- Required action: Here the job is to transcribe the data exactly while omitting the images.

- Recorded data:
▼

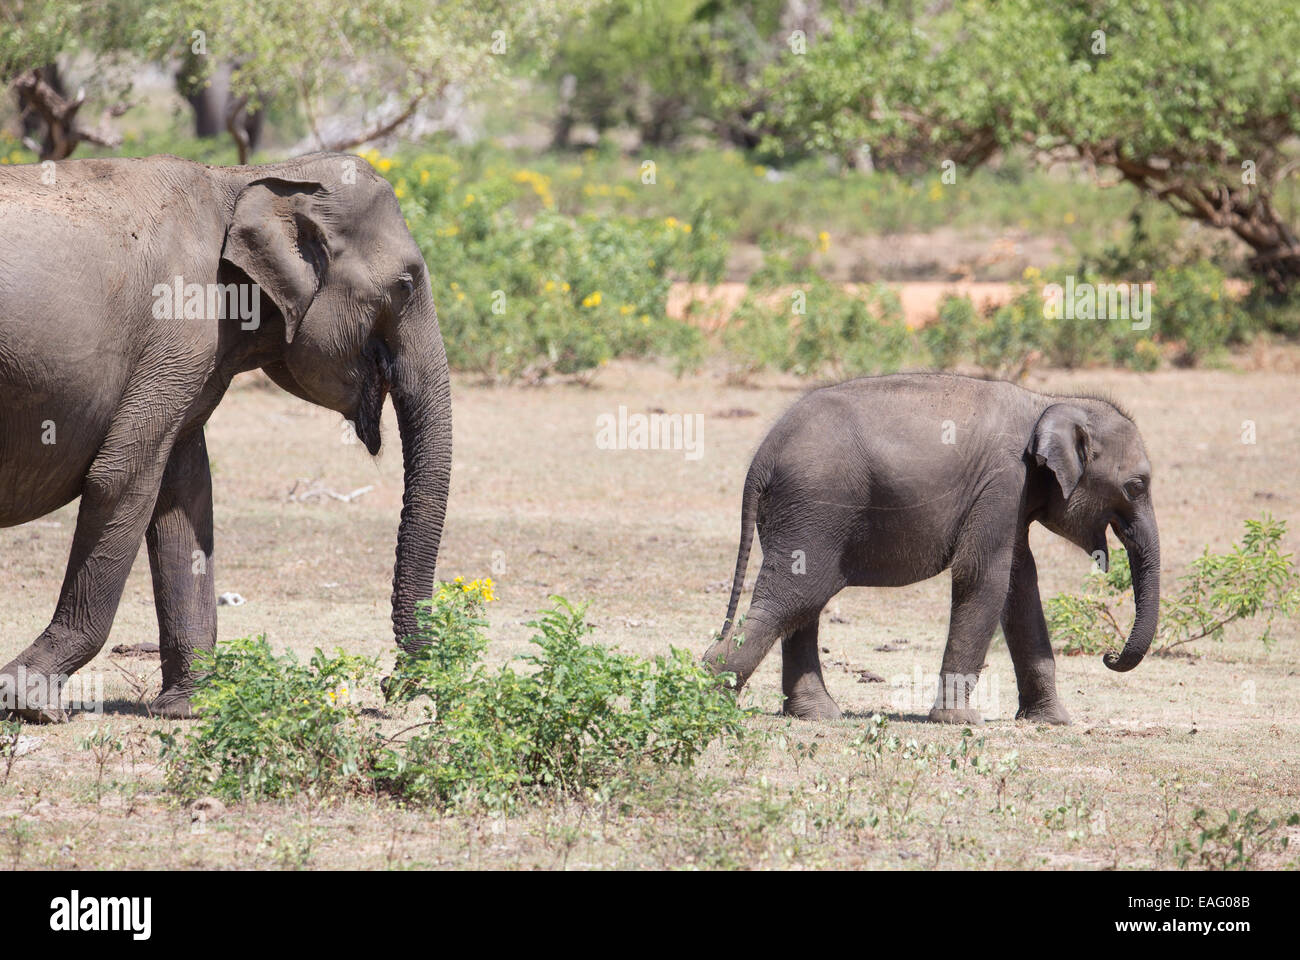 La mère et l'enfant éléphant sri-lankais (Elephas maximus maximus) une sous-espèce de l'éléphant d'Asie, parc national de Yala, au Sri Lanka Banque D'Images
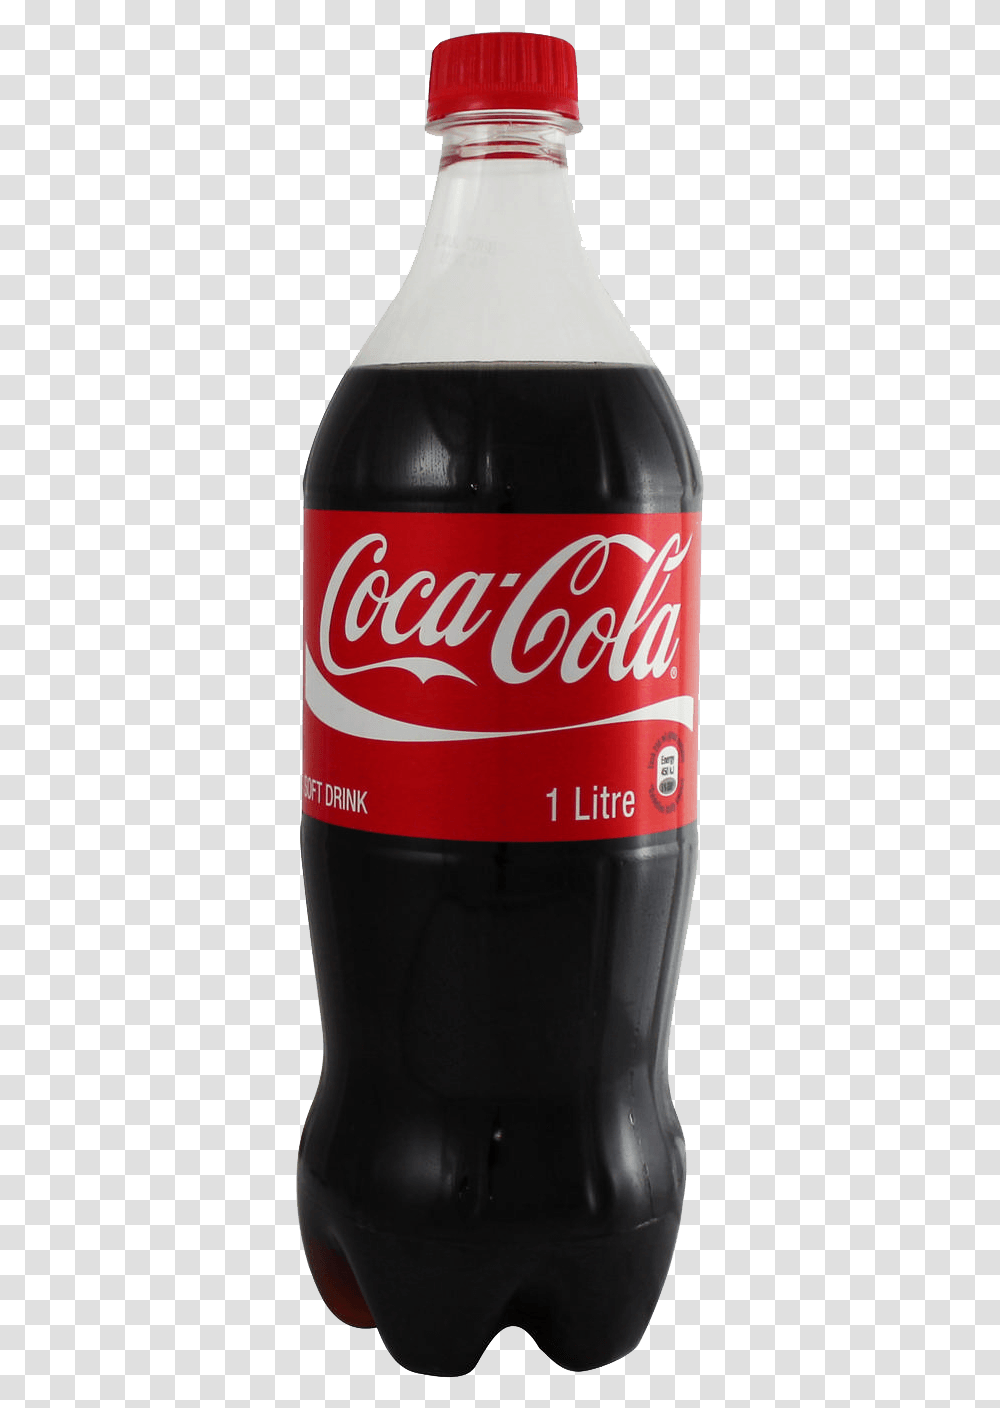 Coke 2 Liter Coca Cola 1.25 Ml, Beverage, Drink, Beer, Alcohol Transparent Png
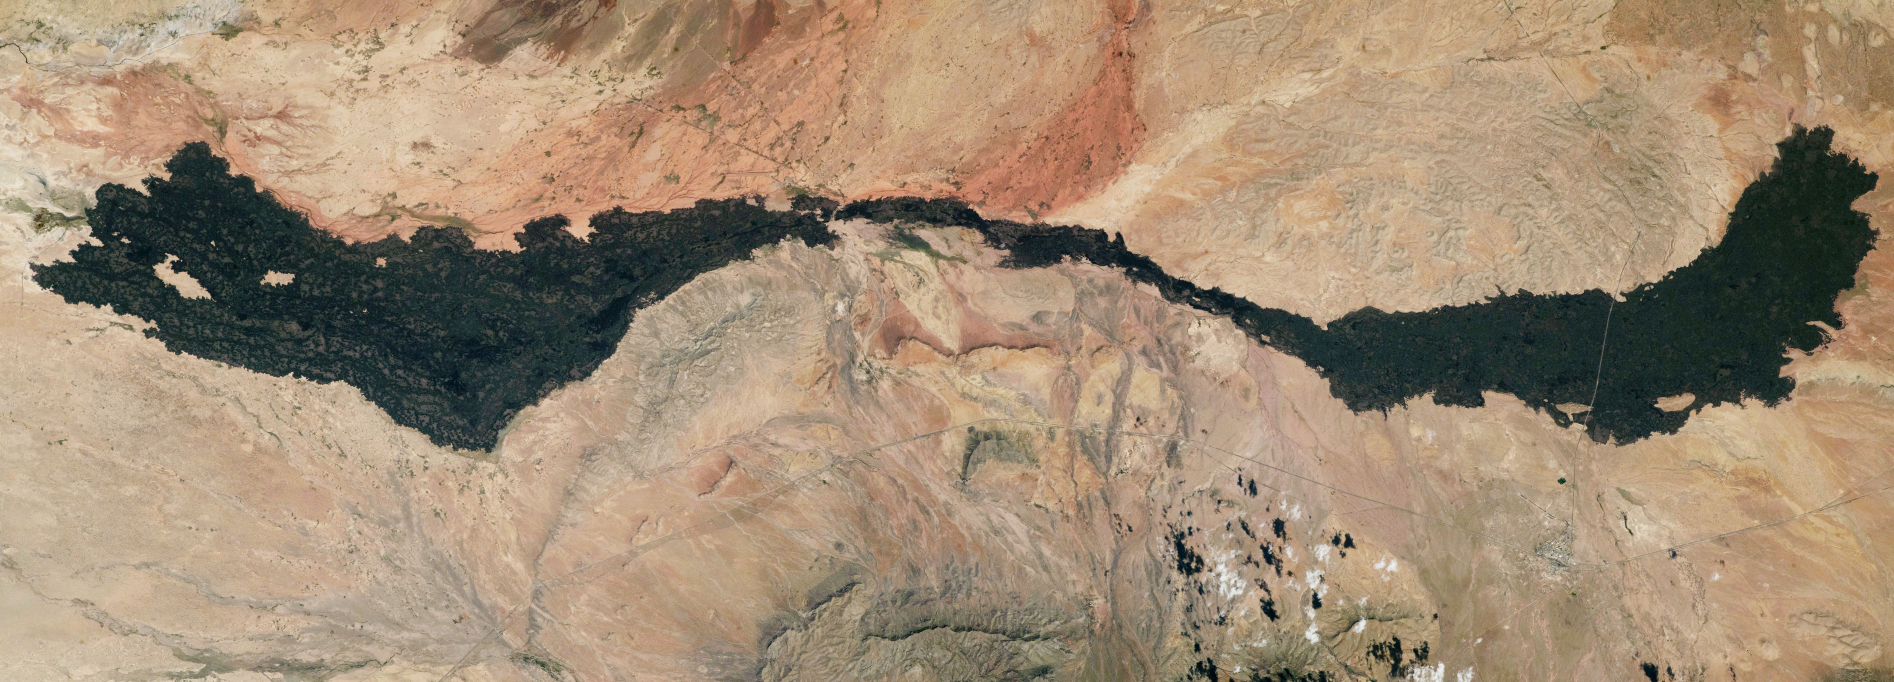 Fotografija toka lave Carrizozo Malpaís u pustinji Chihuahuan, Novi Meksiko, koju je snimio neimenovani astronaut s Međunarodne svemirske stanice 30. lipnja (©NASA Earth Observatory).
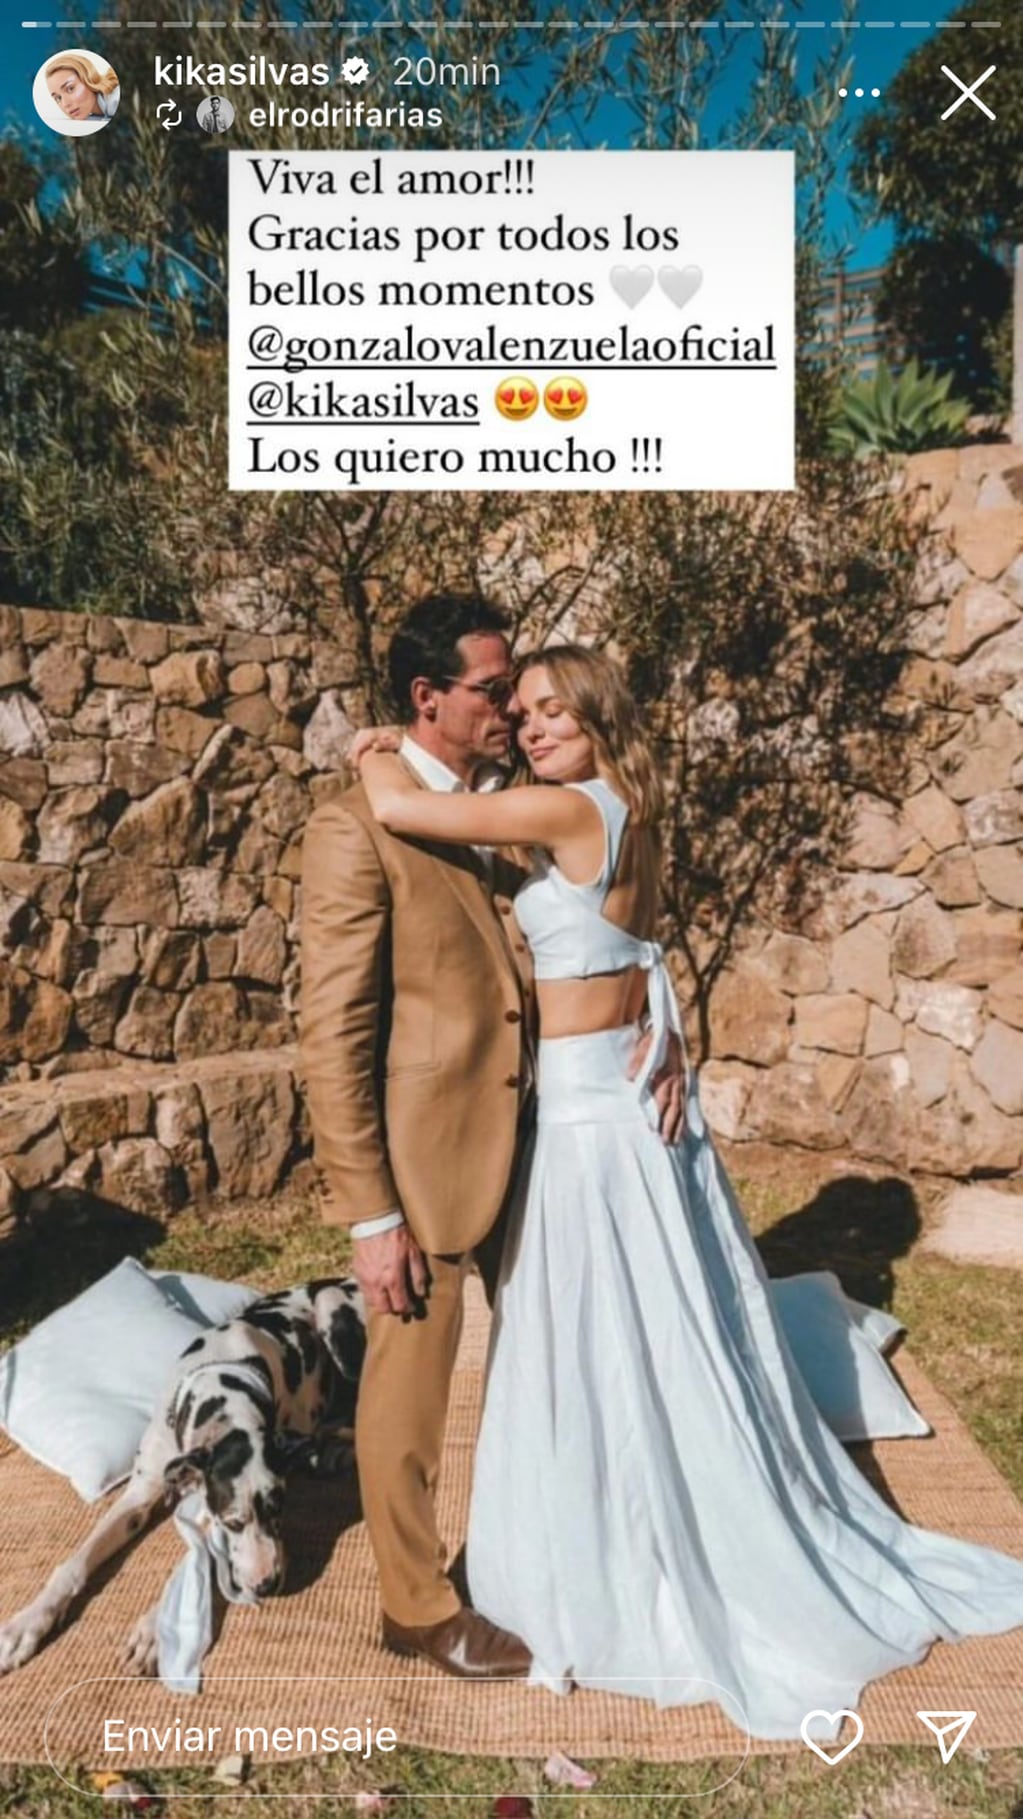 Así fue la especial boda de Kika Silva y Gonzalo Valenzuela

▲

- Result:
 La mère et l'enfant éléphant sri-lankais (Elephas maximus maximus) une sous-espèce de l'éléphant d'Asie, parc national de Yala, au Sri Lanka Banque D'Images
 Coke 2 Liter Coca Cola 1.25 Ml, Beverage, Drink, Beer, Alcohol Transparent Png
 Fotografija toka lave Carrizozo Malpaís u pustinji Chihuahuan, Novi Meksiko, koju je snimio neimenovani astronaut s Međunarodne svemirske stanice 30. lipnja (©NASA Earth Observatory).
 Así fue la especial boda de Kika Silva y Gonzalo Valenzuela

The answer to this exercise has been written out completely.